Could you please repeat the entries below word for word, with the images left out?

= PROVIDED INFORMATION =
*** Block opens ***

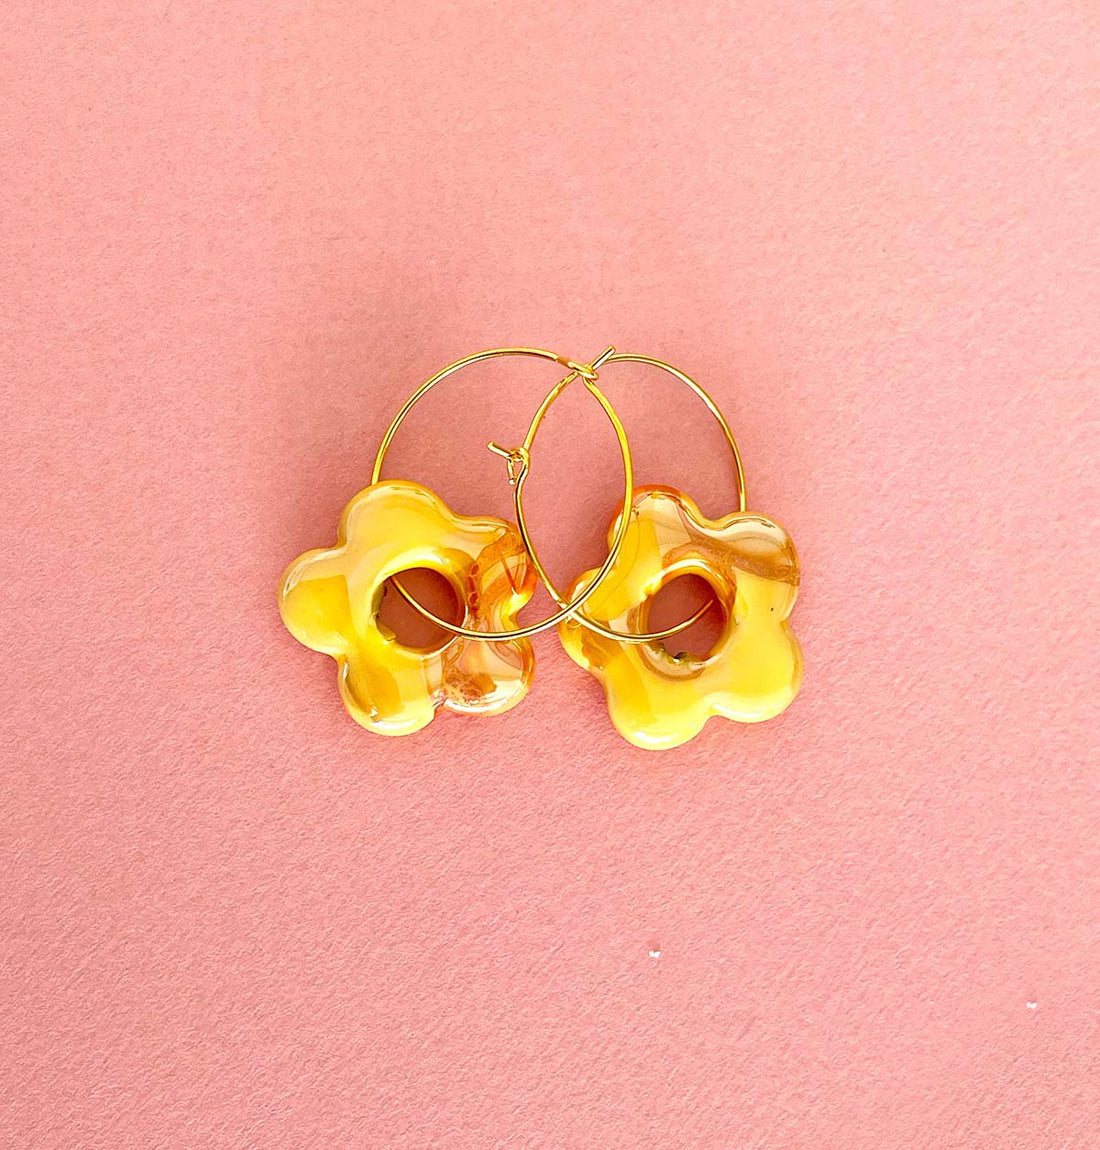 Ceramic earrings hoops yellow flower
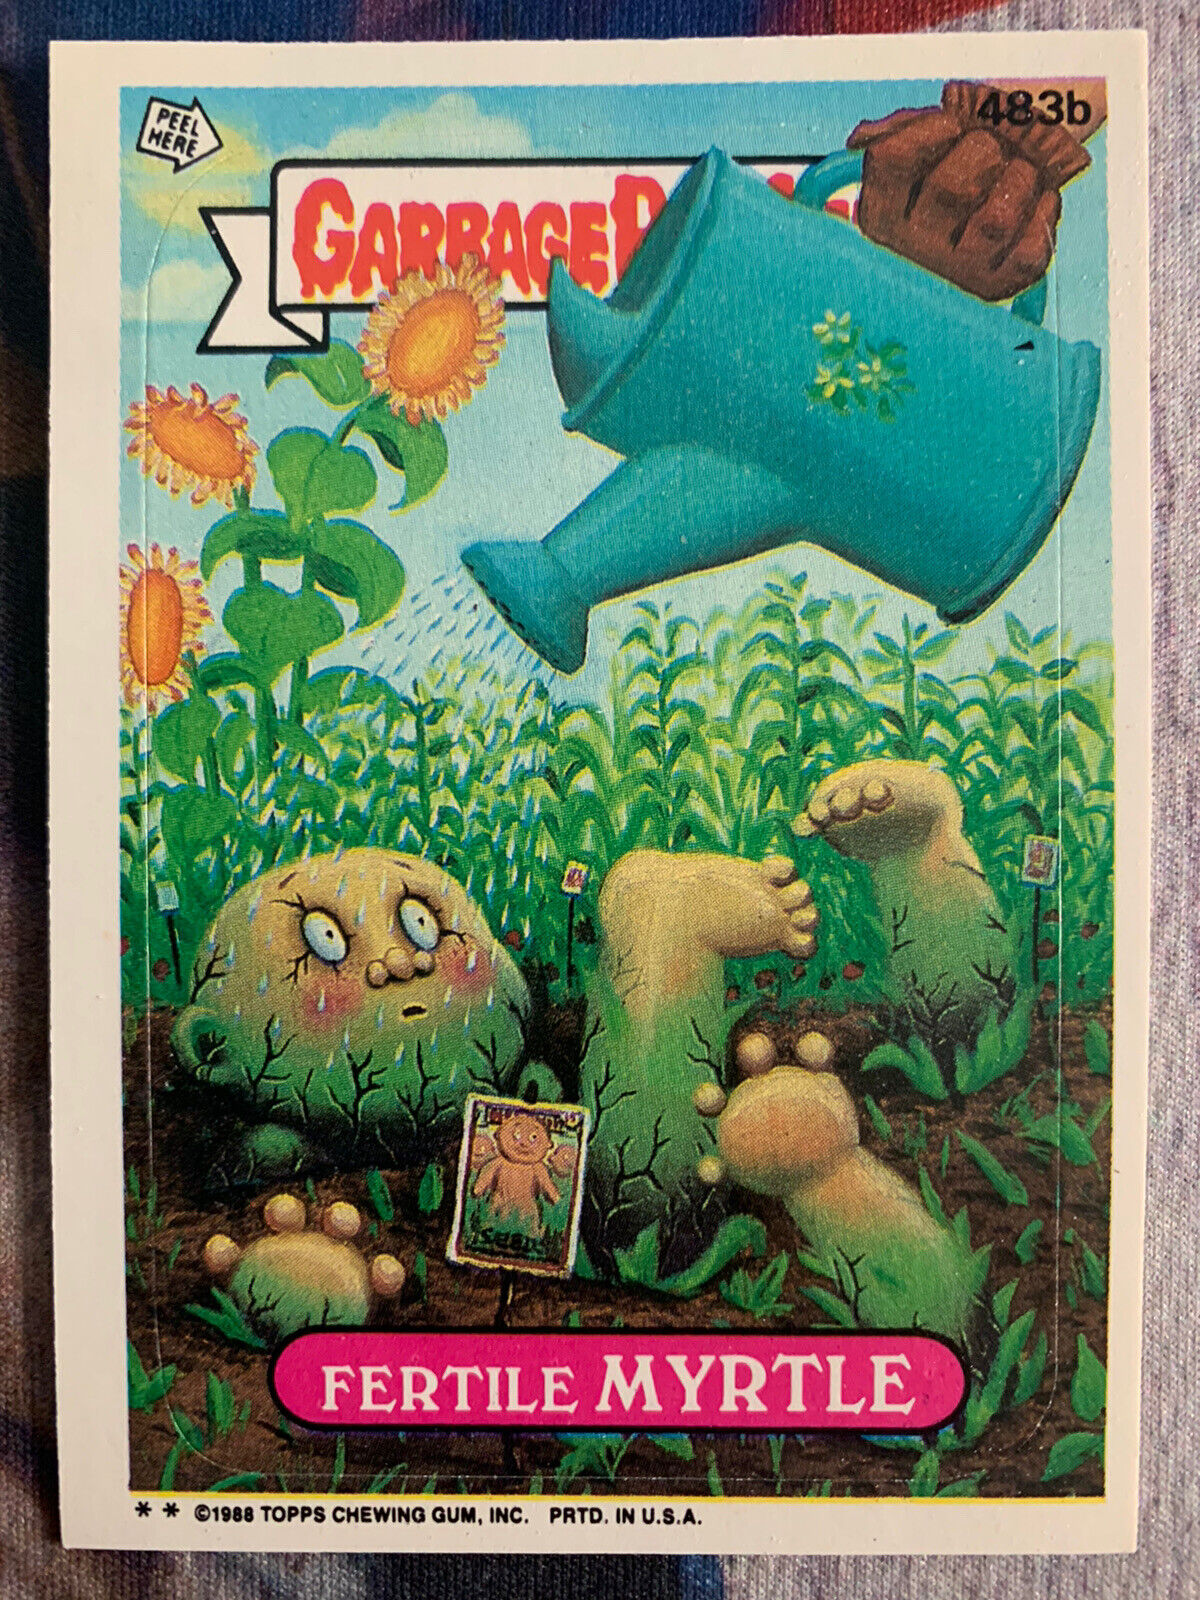 Garbage Pail Kids OS12 GPK Original 12th Series Fertile Myrtle Card 483b
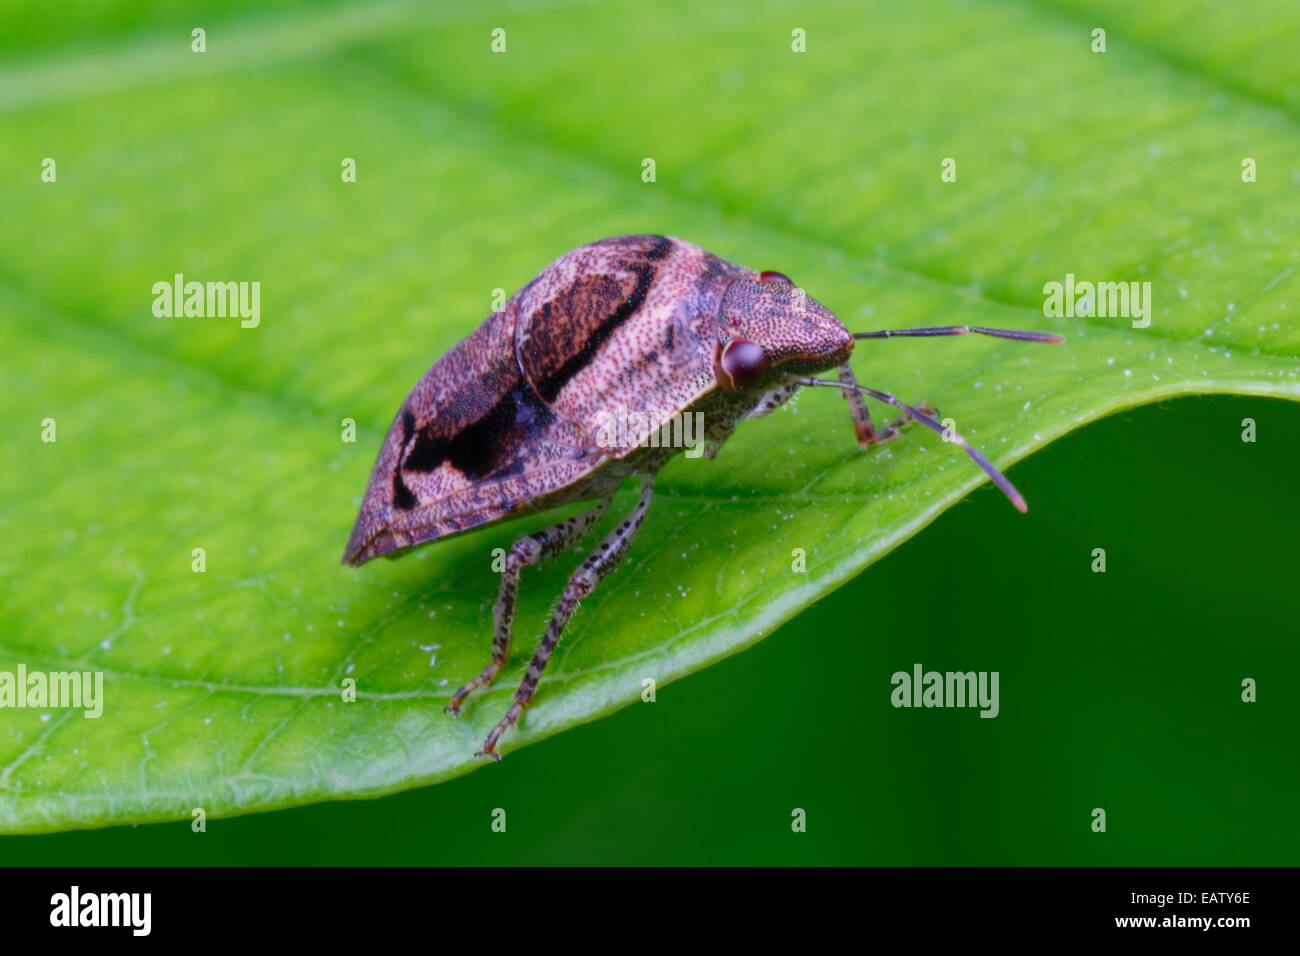 A tiny shield bug nymph crawling on a leaf. Stock Photo
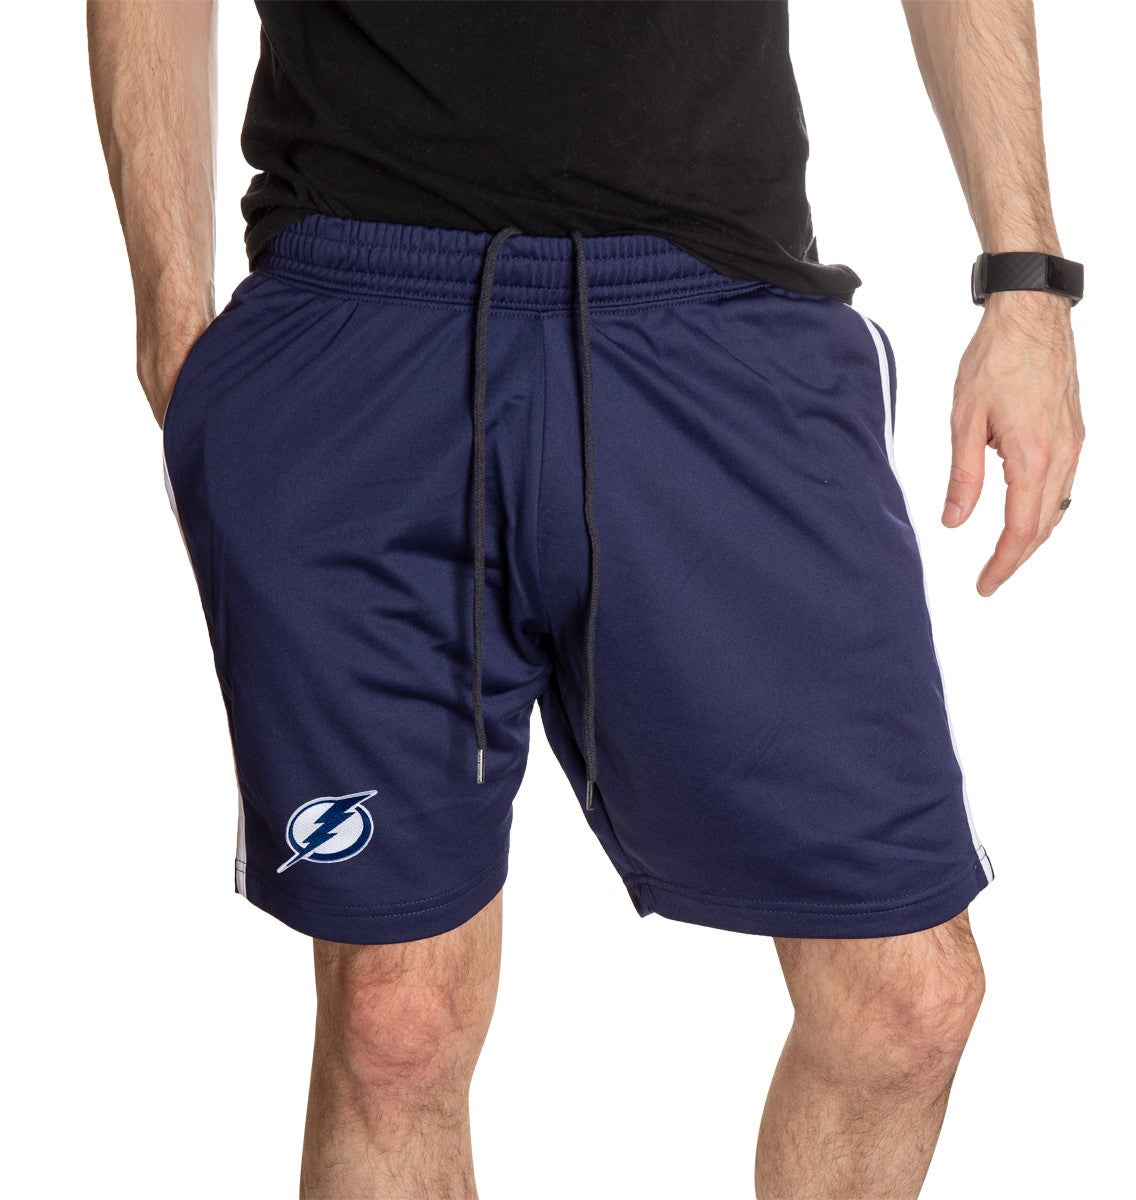 Tampa Bay Lightning Two-Stripe Shorts for Men
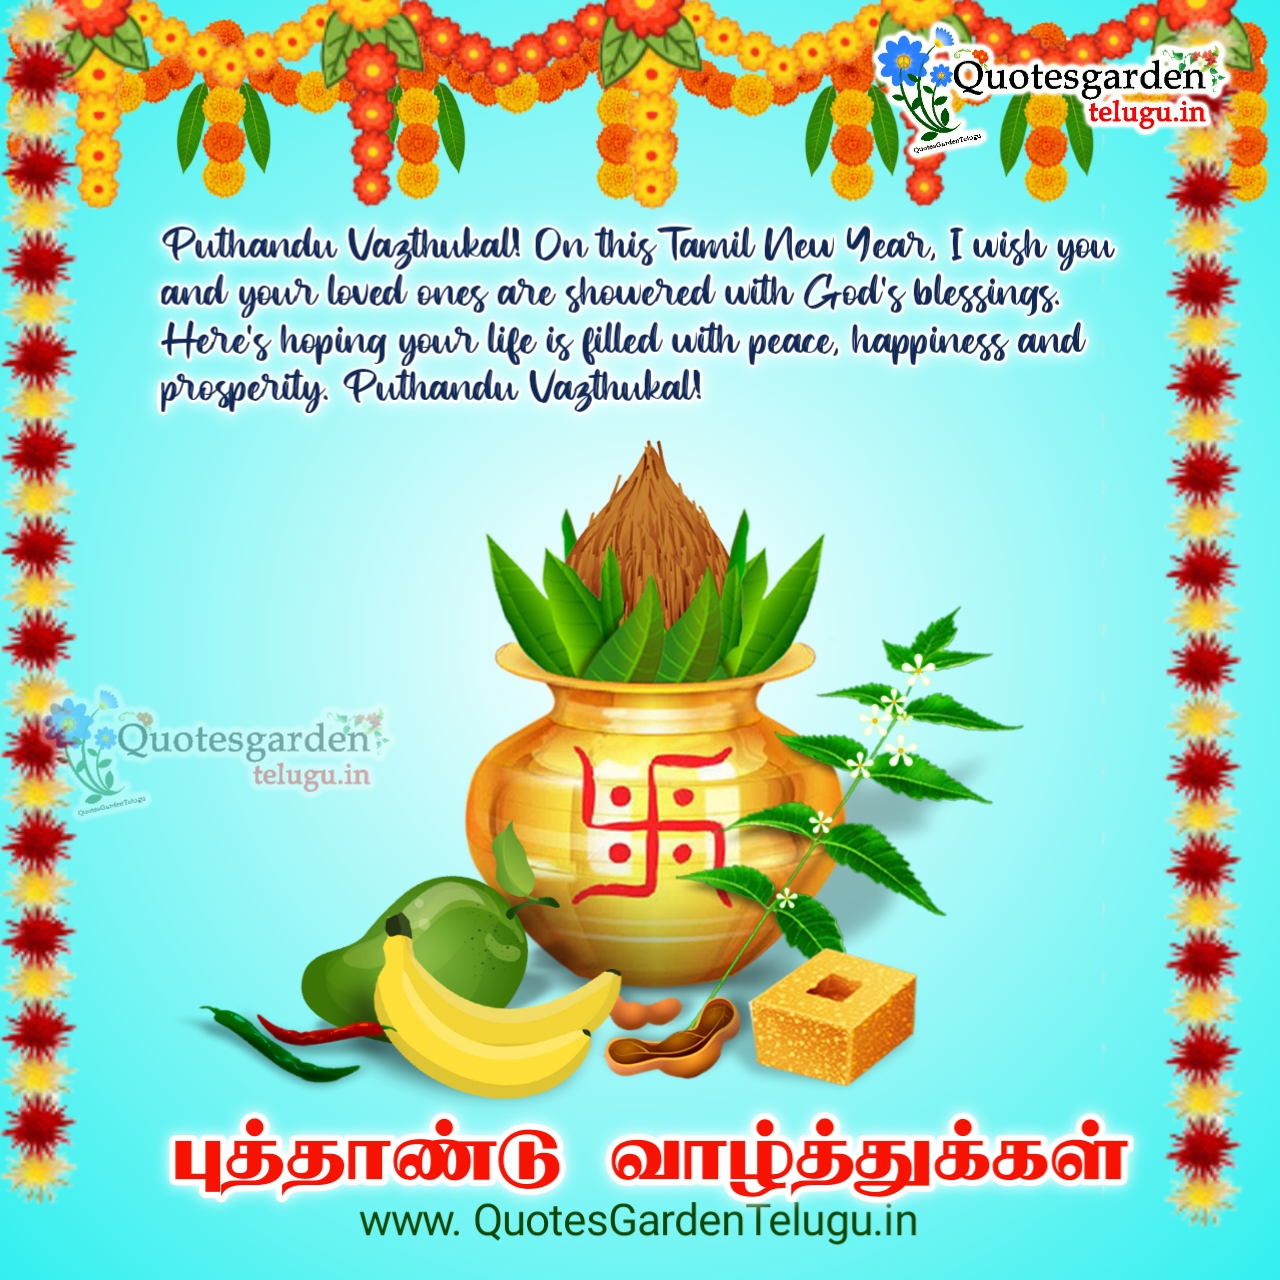 Tamil Puthandu Nalvazthukal In Tamil Quotes Garden Telugu Telugu
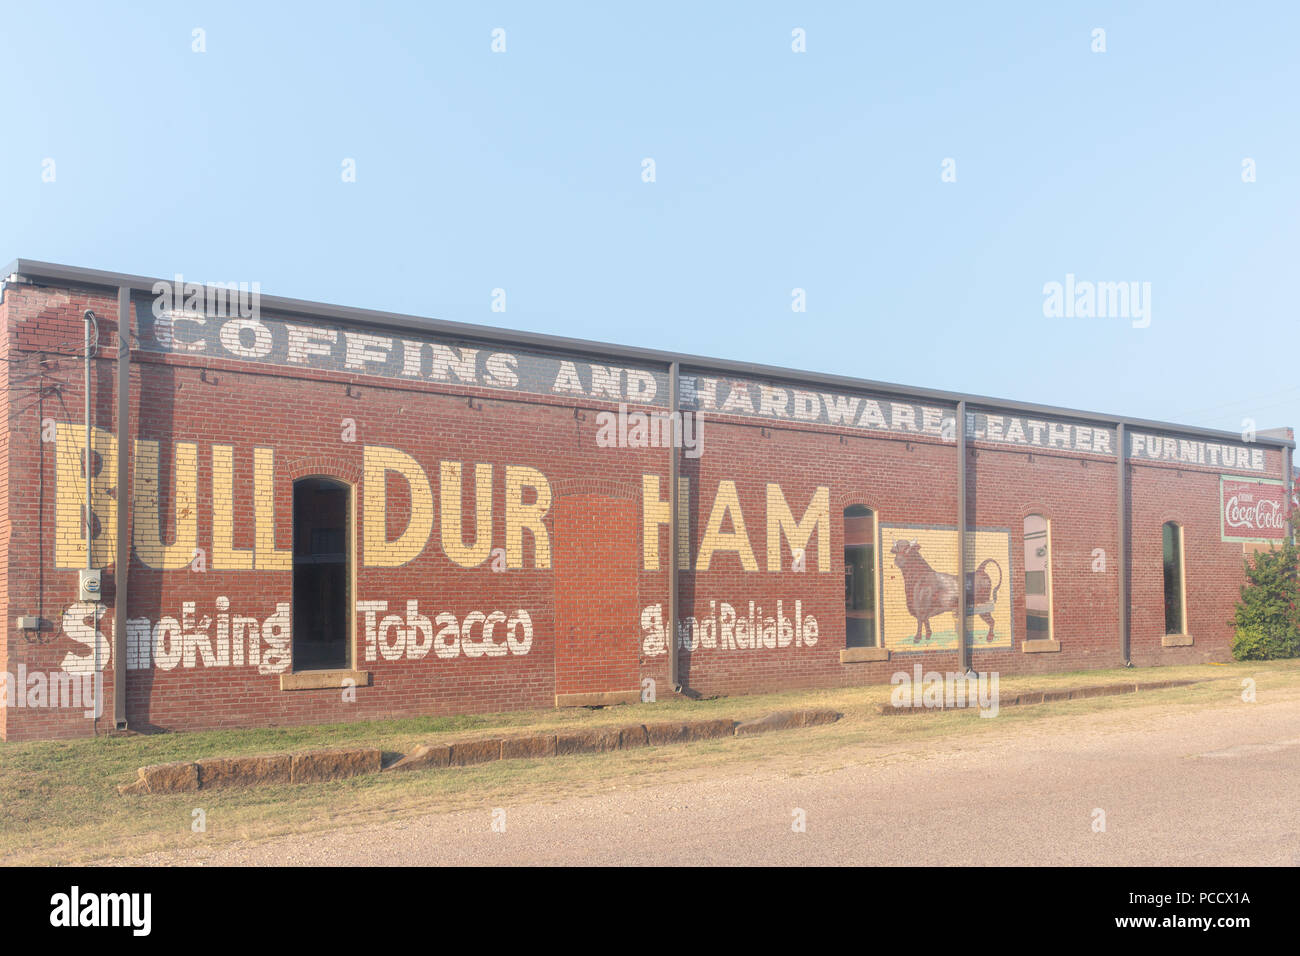 building ads in Baird Texas featuring Bull Durham Stock Photo

*** Block closes ***

= TASK SOLUTION =
 Ceramic earrings hoops yellow flower
 Garbage Pail Kids OS12 GPK Original 12th Series Fertile Myrtle Card 483b
 A tiny shield bug nymph crawling on a leaf. Stock Photo
 Tampa Bay Lightning Two-Stripe Shorts for Men
 Tamil Puthandu Nalvazthukal In Tamil Quotes Garden Telugu Telugu
 building ads in Baird Texas featuring Bull Durham Stock Photo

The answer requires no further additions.